I figured out the killer about the same time as Lady Hodgson and her collaborators, a club-footed nephew with a sword in his cane and her new maid who can pick a lock in nothing flat. The clues were scattered in the text, but so were red herrings that kept me guessing, even though the conclusion was completely plausible. I consider this the sign of a great mystery plot.

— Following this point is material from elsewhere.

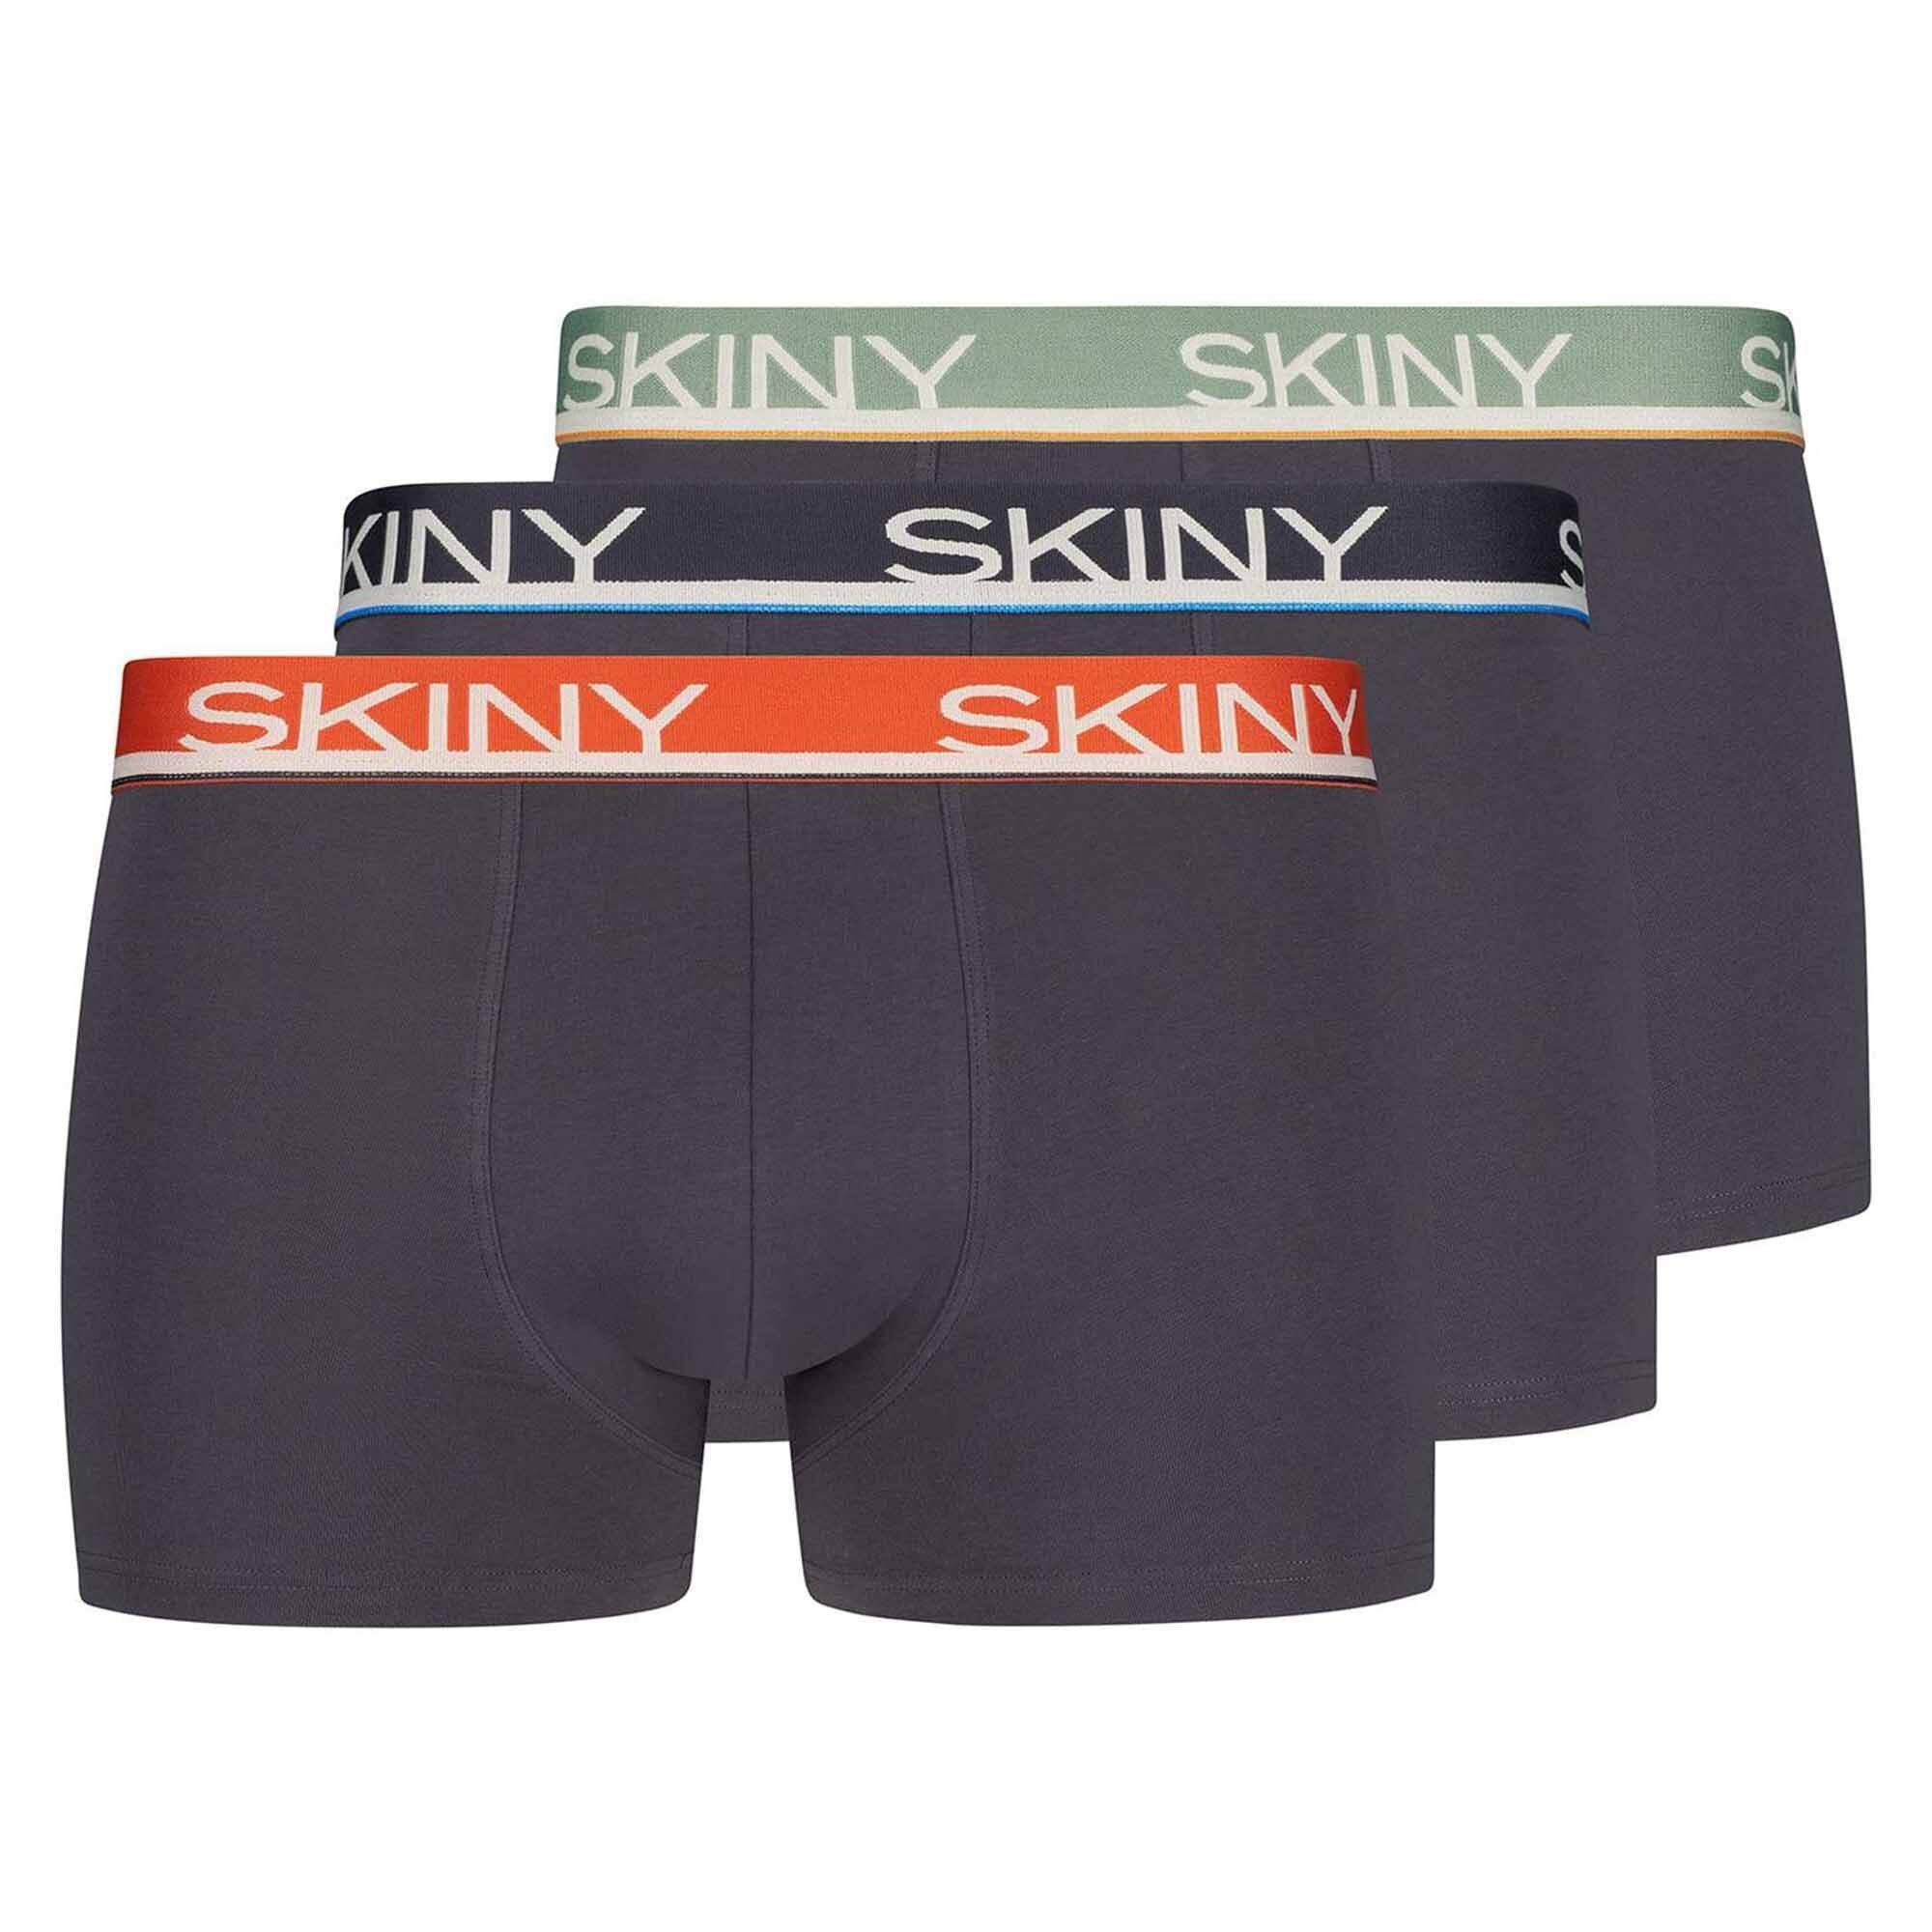 Skiny Boxer Herren Pants 3er Pack - Unterwäsche, Unterhose Grau/Orange/Grün
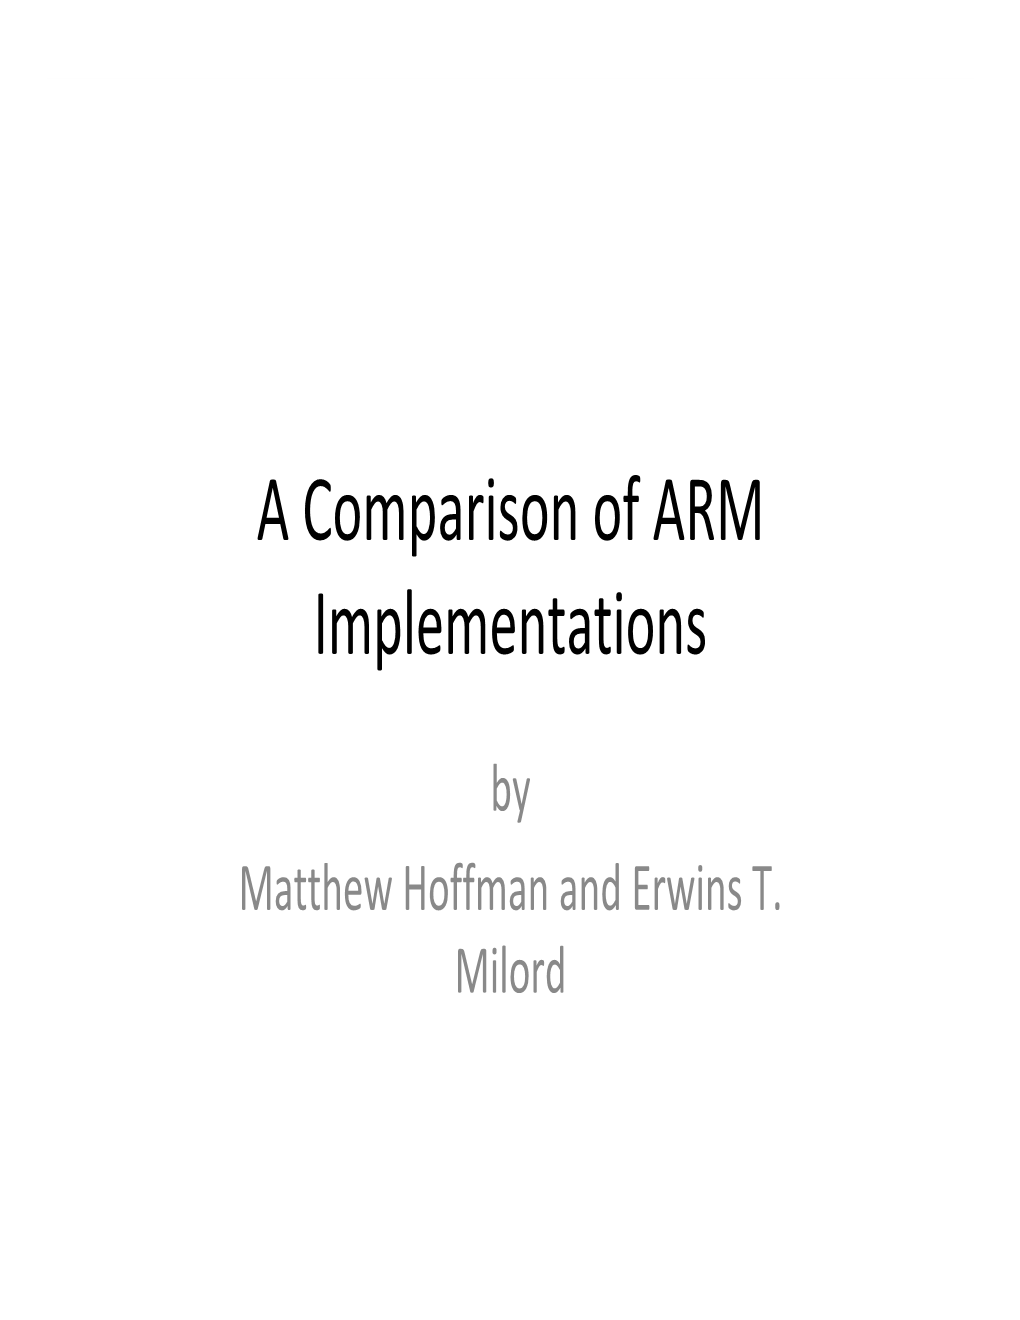 A Comparison of ARM Implementations

My favorite part actually came after the text in the author's note:

This book has its origin in the serendipitous discovery of a will written in 1683, for it was there I first met a York midwife named Bridget Hodgson, who provided a model for the fictional midwife in The Midwife’s Tale. These two Bridget Hodgsons have much in common: they were both wealthy gentlewomen; both lived in the parish of St. Helen’s, Stonegate; and both practiced midwifery. What attracted me to Bridget in the first place was that in her will, she defined herself by her profession, “midwife,” rather than her martial status, “widow.” I have read hundreds, if not thousands, of wills, and she is the only woman I found who did this. The historical Bridget also seems to have had a strength of character not often visible in the historical record, as she named her daughter and at least four of her godchildren after herself (Bridget Swain, Bridget Ascough, Bridget Morris, Bridget Wilberfoss).

Thomas, Samuel (2013-01-08). The Midwife's Tale: A Mystery (Kindle Locations 4261-4268). Minotaur Books. Kindle Edition.

Given the quality of this debut novel, I sincerely hope Samuel Thomas brings us more, with or without Lady Hodgson. If you like historical mysteries and strong women who prevail against the attitudes of their eras, this book will delight you.